In response to my previous posts I received a very nice request to explain the construction of the Quicktime content-type overflow rules. Everytime I write a Snort rule I learn something about the protocol or Snort, so it's worth it to me to dig a bit deeper. What follows is a discussion of the process I use to construct a complex rule.
To begin with I use three main sources when writing a rule.
First is any public exploit code or vulnerability details. In this case, the PoC code posted on milw0rm's site
Second, I use the RFC for the protocol in question - in this case it's RFC 2326
Third, I open "Writing Snort Rules: How to Write Snort Rules and Keep Your Sanity" from the latest Snort manual
From there it's like putting together a recipe. This is the important bit from the PoC code:
header = ( 'RTSP/1.0 200 OK\r\n' 'CSeq: 1\r\n' 'Date: 0x00 :P\r\n' 'Content-Base: rtsp://0.0.0.0/1.mp3/\r\n' 'Content-Type: %s\r\n' # <-- overflow 'Content-Length: %d\r\n' '\r\n')

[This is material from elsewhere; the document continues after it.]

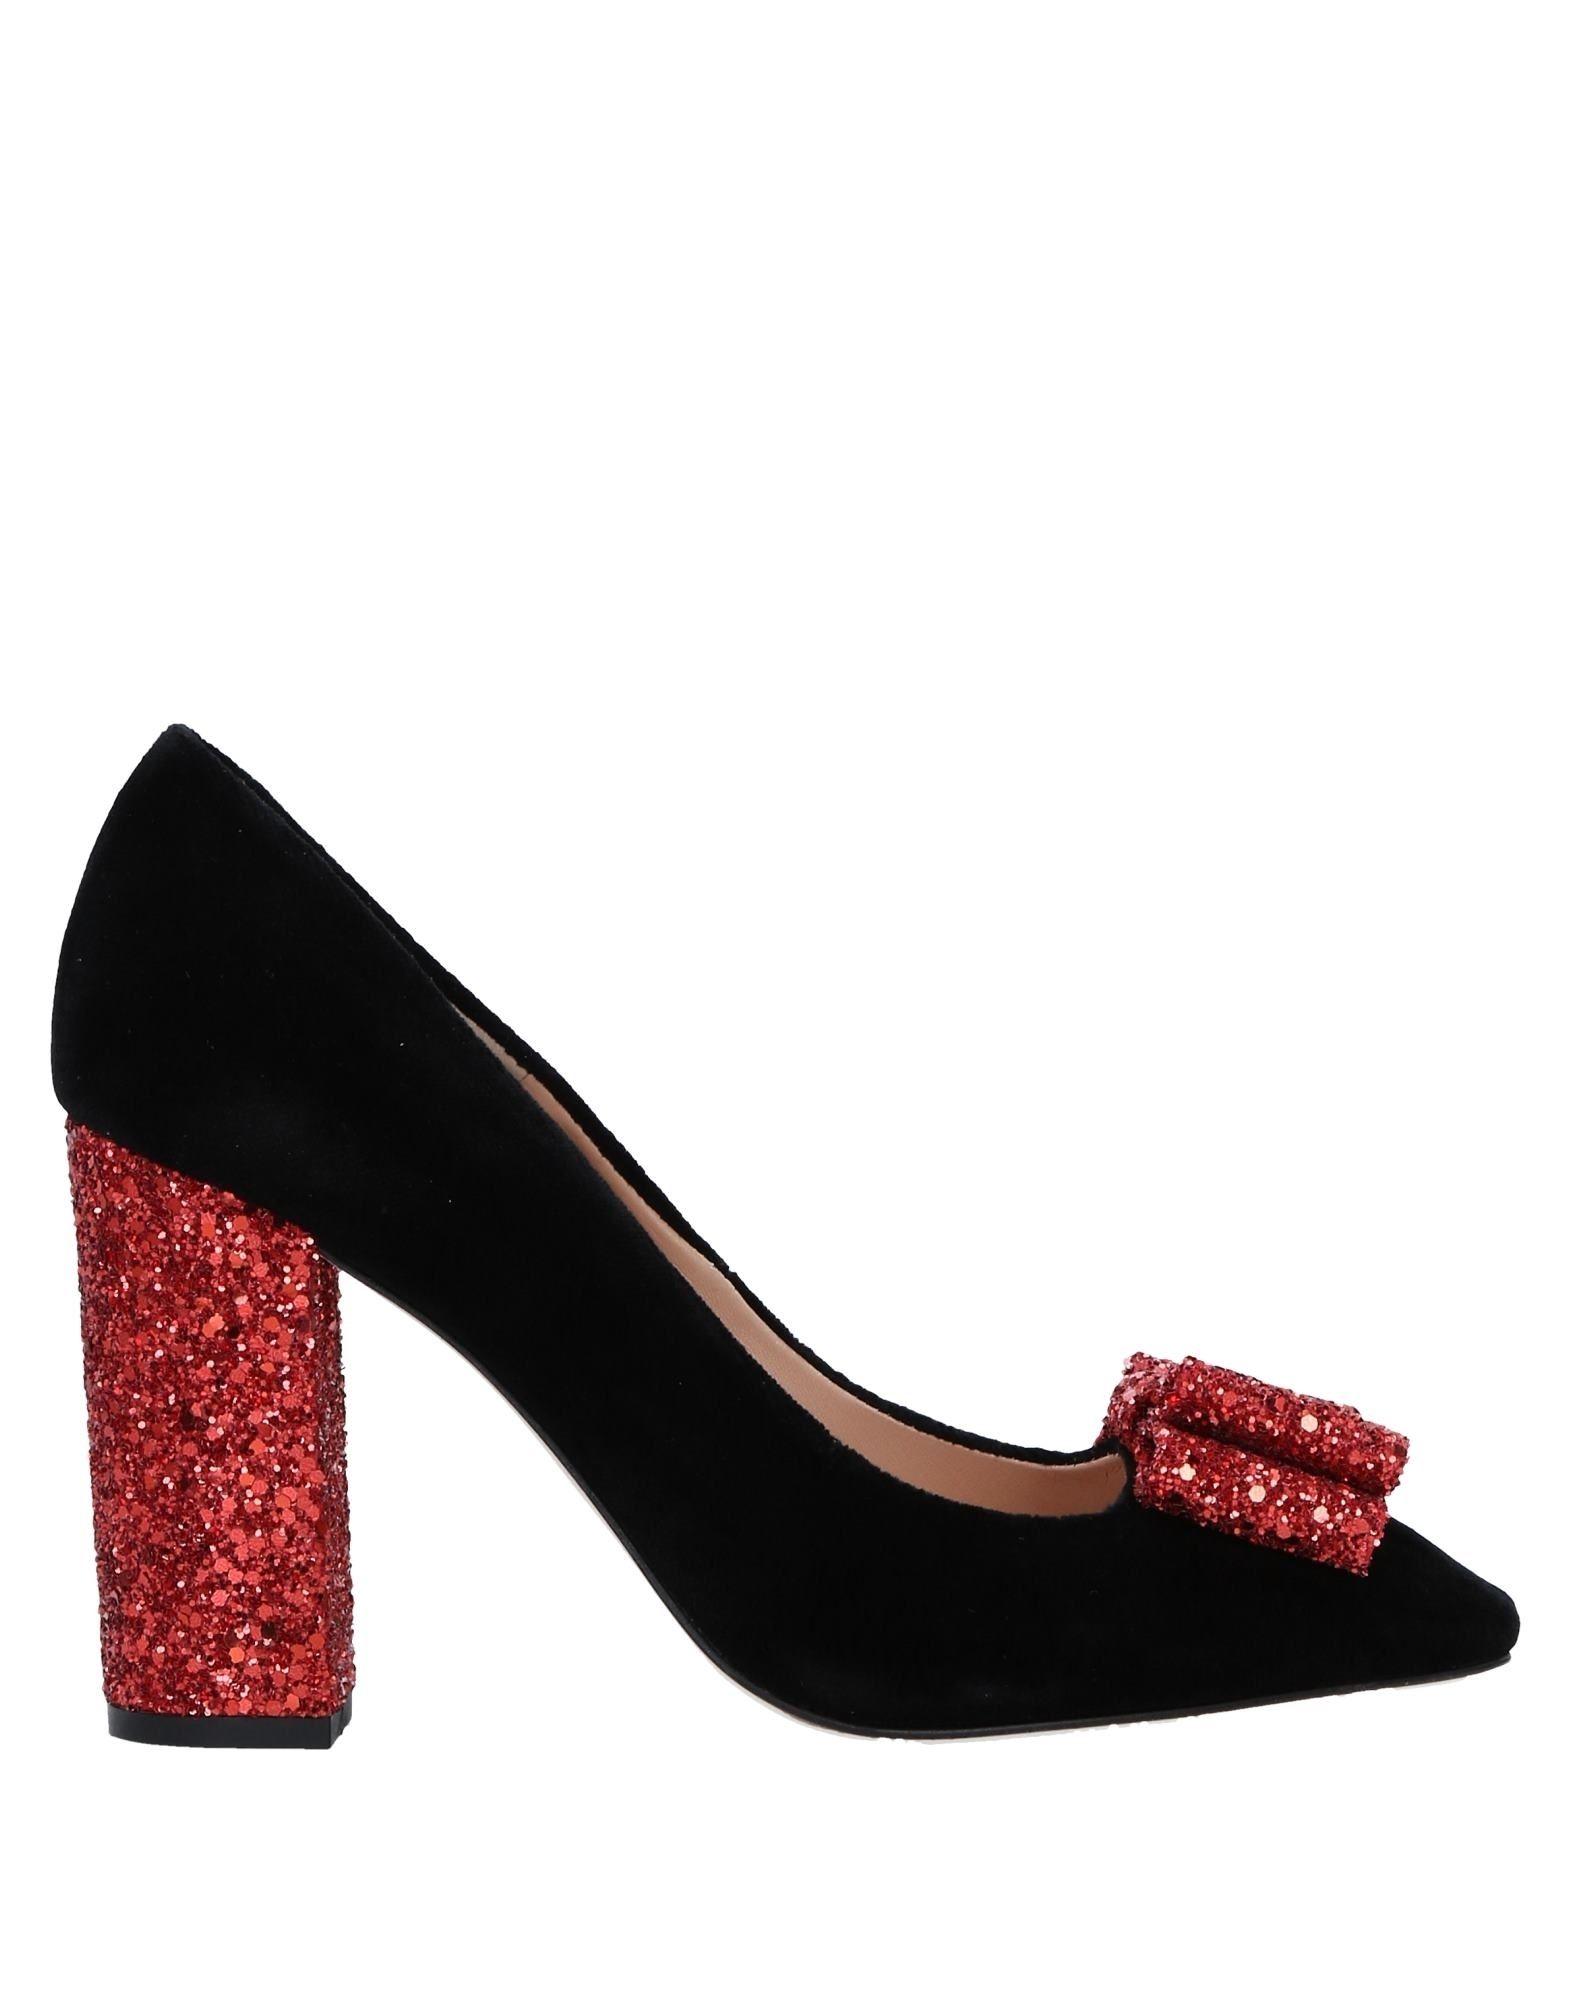 Hannibal Laguna Pumps Damen  11541569WL Gute Qualität beliebte Schuhe

If you read further into the PoC code you can see that at the %s they stuff the overflow data (900+ bytes)
One of the important ideas in rule writing is to write for the vulnerability, and not the exploit. In other words, attackers can change the way the code is written, so you want to focus in on the part that actually causes the software to misbehave. Looking at the code snippit:
tmp = "A" * 987
I could have simply looked for 987 "A"s. But the next exploit might use 987 "B"s or something else entirely.

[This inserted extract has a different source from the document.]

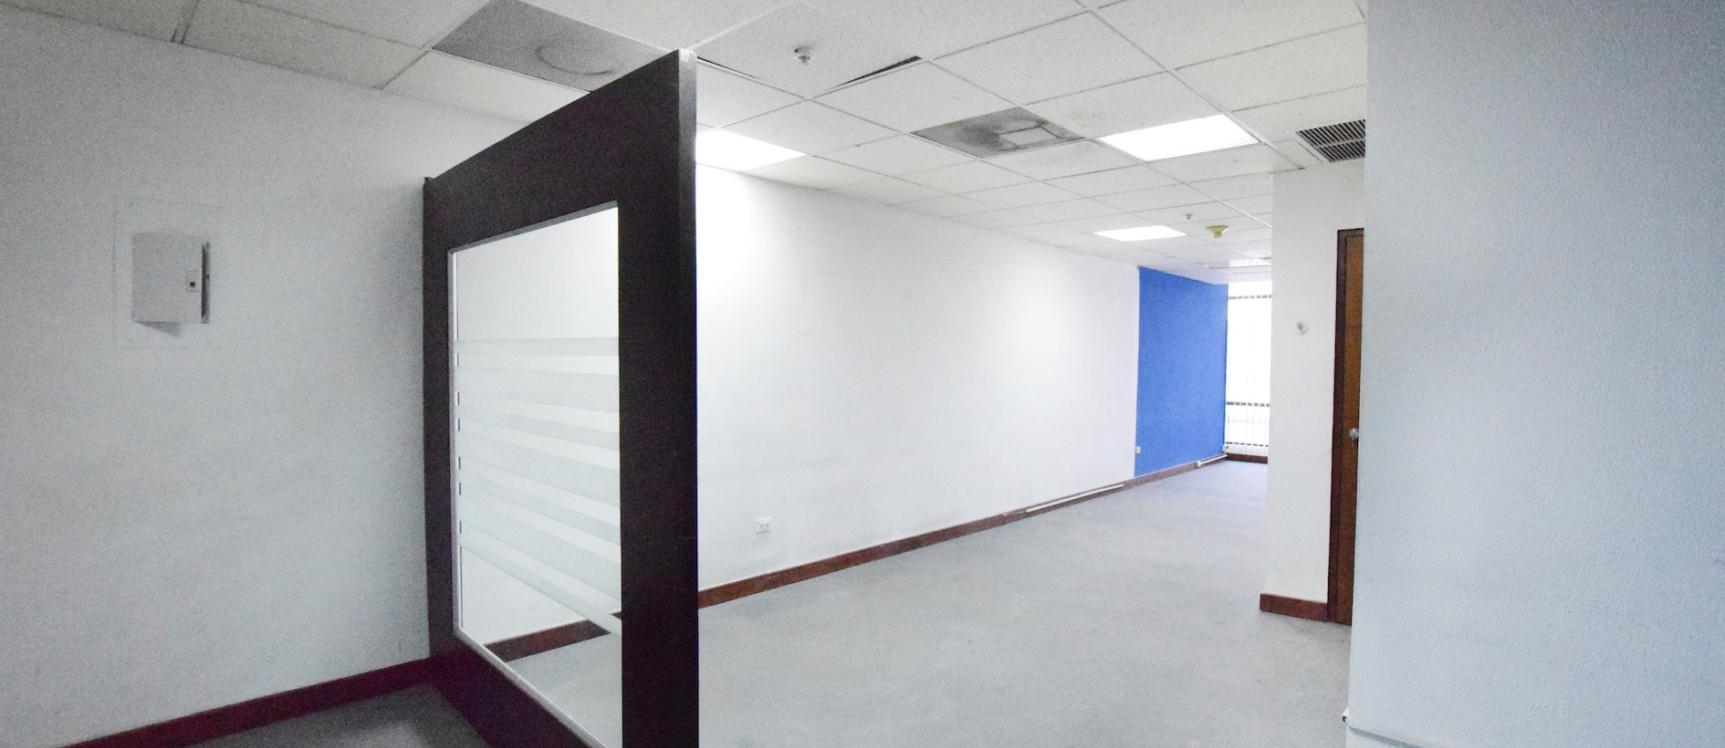 GeoBienes - Oficina en alquiler en el Edificio World Trade Center, Norte de Guayaquil - Plusvalia Guayaquil Casas de venta y alquiler Inmobiliaria Ecuador

In this case I decided to start by identifying that we are looking at an RTSP stream (rather than an HTTP stream, or some other type of traffic). That's what this does:
content: "rtsp/"; nocase; depth: 5;
That says look for the string "rtsp/" in the data portion of the packet, ignore UPPER/lower case (remember, attackers can change the exploit in the future), and stop looking after 5 bytes. We stop at 5 bytes for performance reasons, otherwise Snort would have to dig all the way through every packet to make sure it doesn't match.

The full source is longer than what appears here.